Pomellato Şiddet Gören Kadınların Yanında

Pomellato, “Sessizlik her vakit fazilet değildir” diyor. Pomellato for Women teşebbüsünün sekizinci yılında, Oscar ödüllü oyuncu ve aktivist Jane Fonda, ödüllü oyuncu, direktör, üretimci ve aktivist America Ferrera, The Joyful Heart Foundation isimli sivil toplum kuruluşunun kurucusu ve oyuncu Mariska Hargitay, oyuncu Laura Harrier, Olimpiyat atleti Mattia Furlani ve Vita Salute San Raffaele Üniversitesi deneysel biyoloji profesörü Gianvito Martino yer alıyor.
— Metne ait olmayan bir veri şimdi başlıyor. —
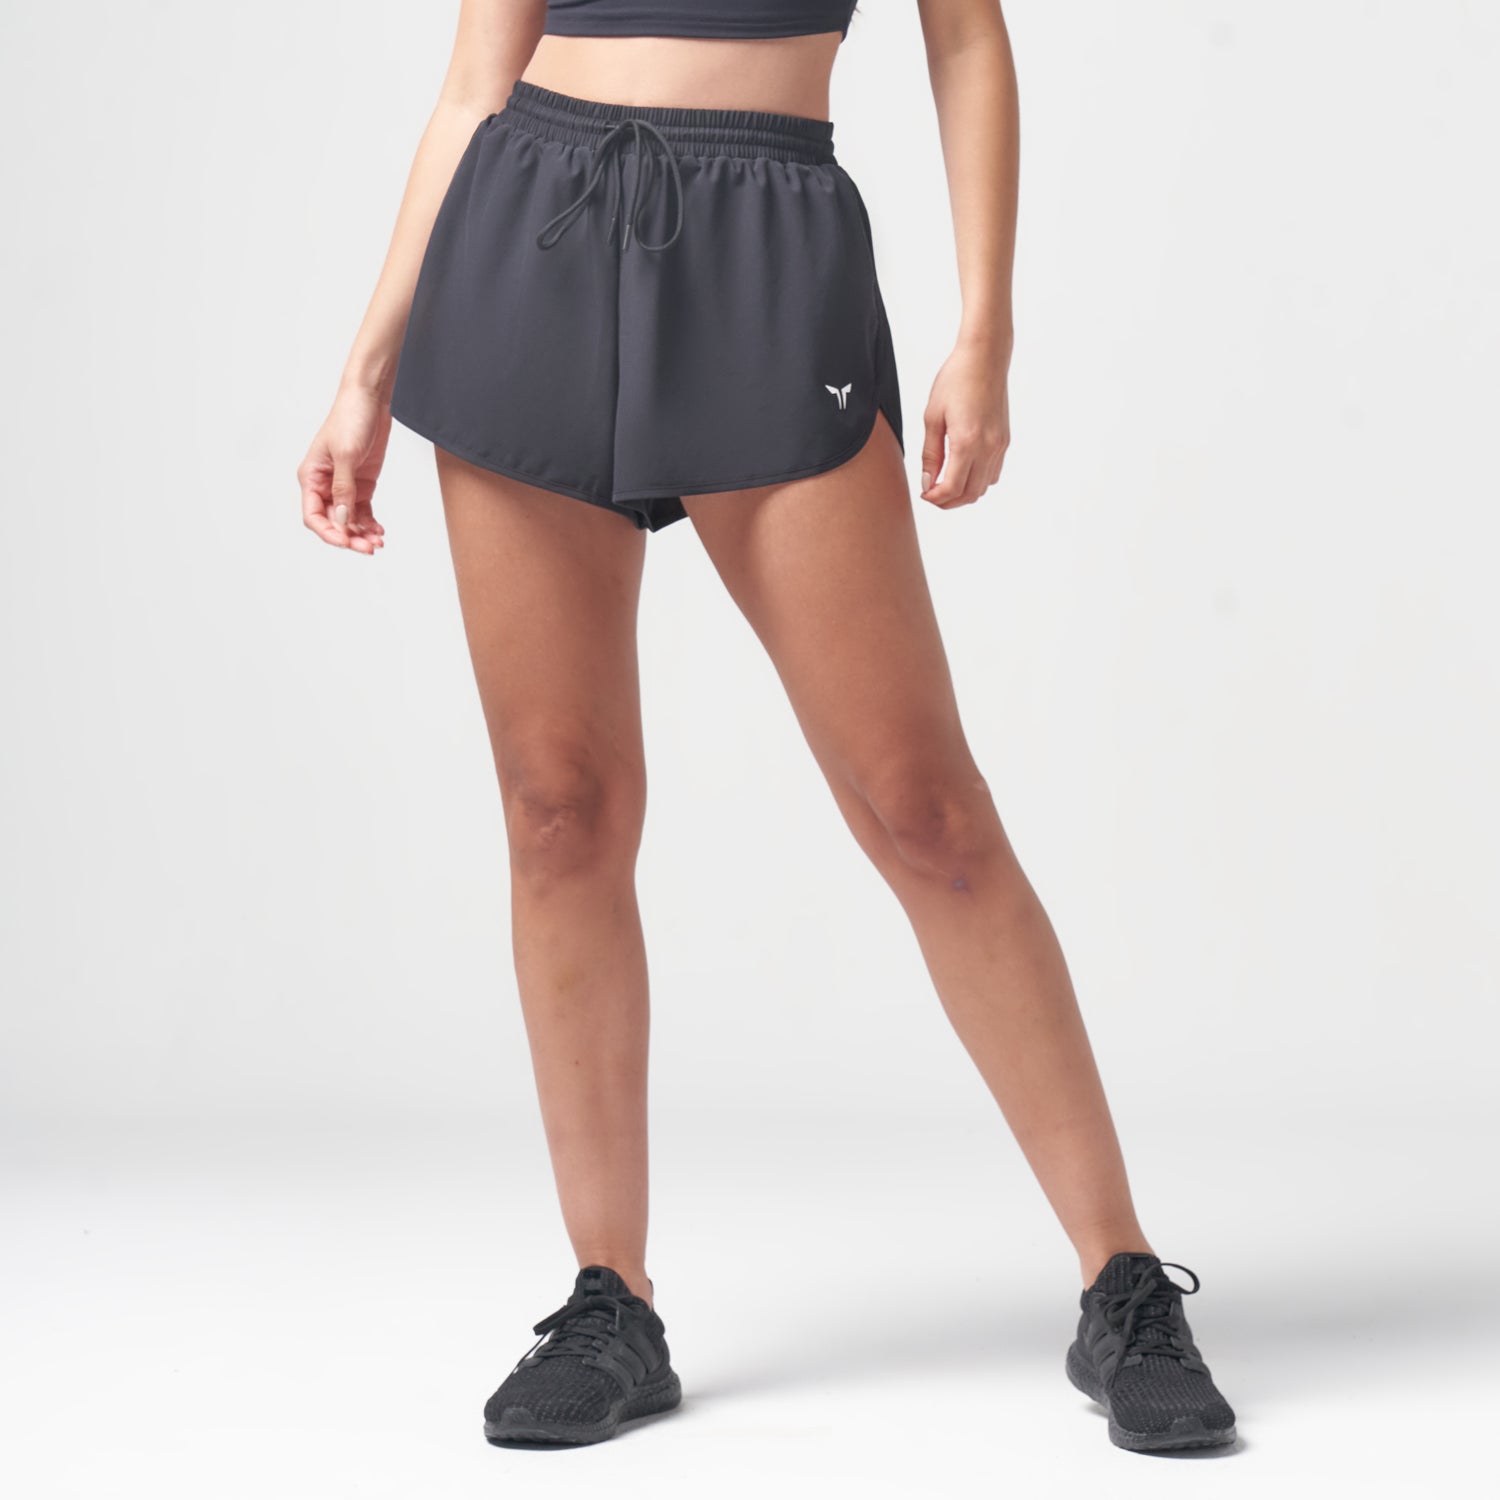 Essential Running Shorts - Black | Workout Shorts Women | SQUATWOLF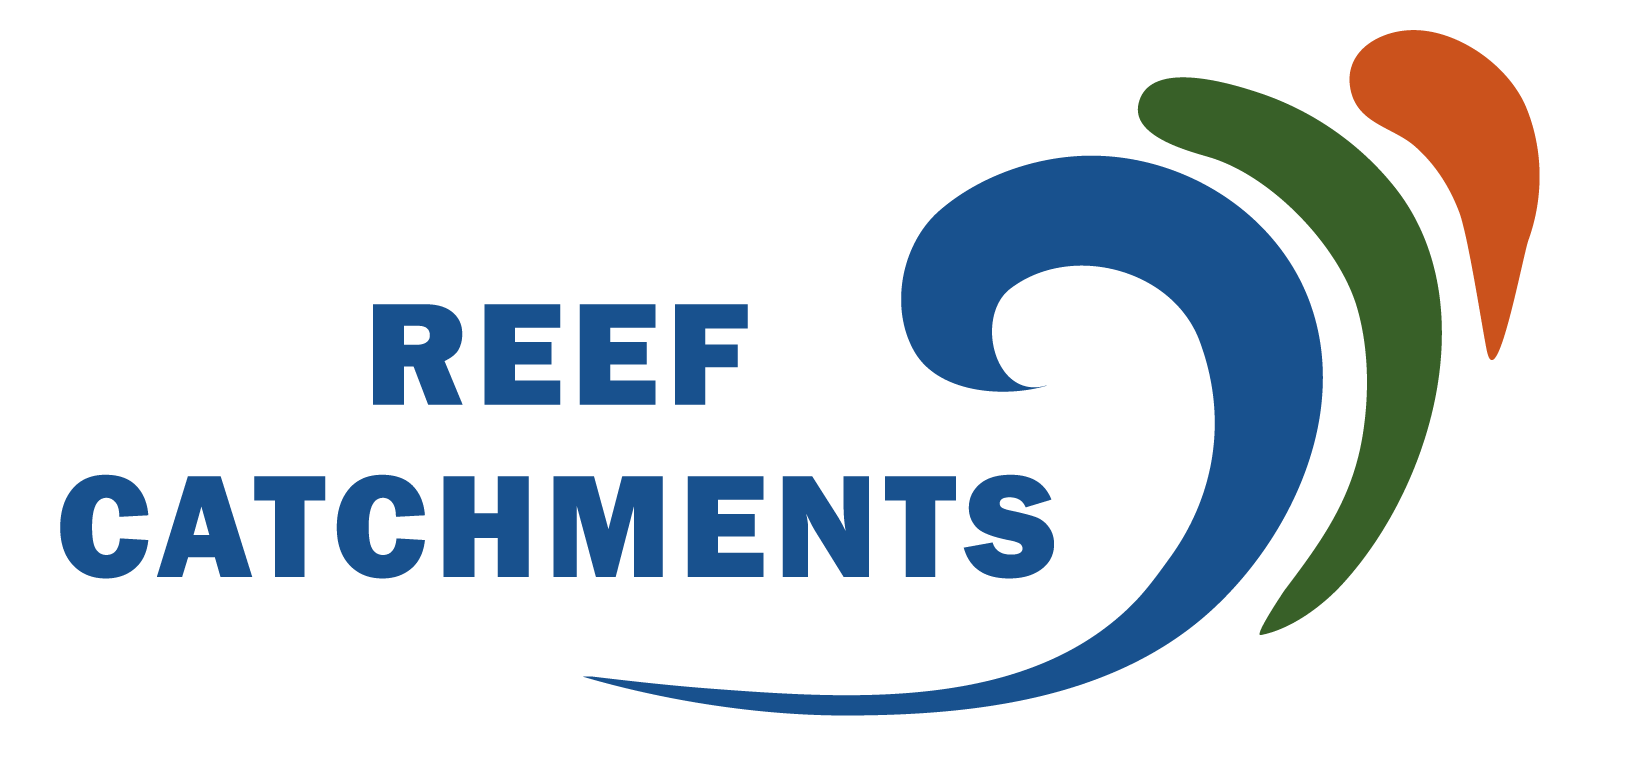 Reef Catchments logo

“Sessiz kalmak, tarafsızlık değil, kabahat iştirakidir. Artık farkındalıktan aksiyona, sempati duymaktan sistemsel değişime geçmeliyiz.” diyen Pomellato Ceo’su Sabina Aşikâr, bu teşebbüsün ayrıntılarını, bayana yönelik şiddet probleminin üstesinden gelmek için tahlil tekliflerini ELLE Türkiye Yayın Yöneticisi Melda Narmanlı Çimen’e anlattı.
Bu yıl Pomellato for Women teşebbüsünün sekizinci yılı. Bu kampanya markanız için ne manaya geliyor?
Pomellato for Women bir kampanyadan çok daha fazlasını temsil ediyor. 1967’den beri her vakit bayanların yanında olan Maison’umuzun temel bedellerini somutlaştırıyor. Sekiz yıldır, farkındalığı harekete dönüştürmek emeliyle Maison’un güçlendirme, çeşitlilik ve kapsayıcılık kıymetlerinin altını çizerek değişimi ateşlemek ve teşvik etmek için bir bağlantı platformu oluşturuyoruz. Bu teşebbüs, dünya çapında bayanları birbirine bağlayan, güçlendirme ve değişim vizyonumuzu paylaşan bir kız kardeşlik yaratan güçlü bir harekete dönüştü. Her yıl, duyulması gereken sesleri yükseltiyoruz ve 2025’te tahminen de şimdiye kadarki en acil mesajımıza odaklanıyoruz: Aile içi şiddete karşı harekete geçmek için kolektif sorumluluk.
Your browser does not support HTML5 görüntü.
Pomellato for Women’ın vakit içindeki gelişimini ve geçirdiği kıymetli kademeleri nasıl anlatırsınız?
Pomellato for Women’ın evrimi, toplumun bayan sıkıntılarına ait artan farkındalığını yansıtıyor. Bayanların güçlendirilmesine yönelik bir kutlama olarak başlayan aktiflik, global olarak bayanların karşılaştığı önemli zorlukların üstesinden gelme taahhüdüne dönüştü. Yıllar boyunca cam tavanları kırmaktan çeşitliliği kutlamaya kadar çeşitli değerli bahisleri ele aldık. Bugün, aile içi şiddetle direkt yüzleşerek ve somut hareket davetinde bulunarak daha da gözü pek bir duruş sergiliyoruz.
Pomellato’nun 2025 Dünya Bayanlar Günü kampanyasının bu kadar güçlü olmasının arkasındaki motivasyon neydi?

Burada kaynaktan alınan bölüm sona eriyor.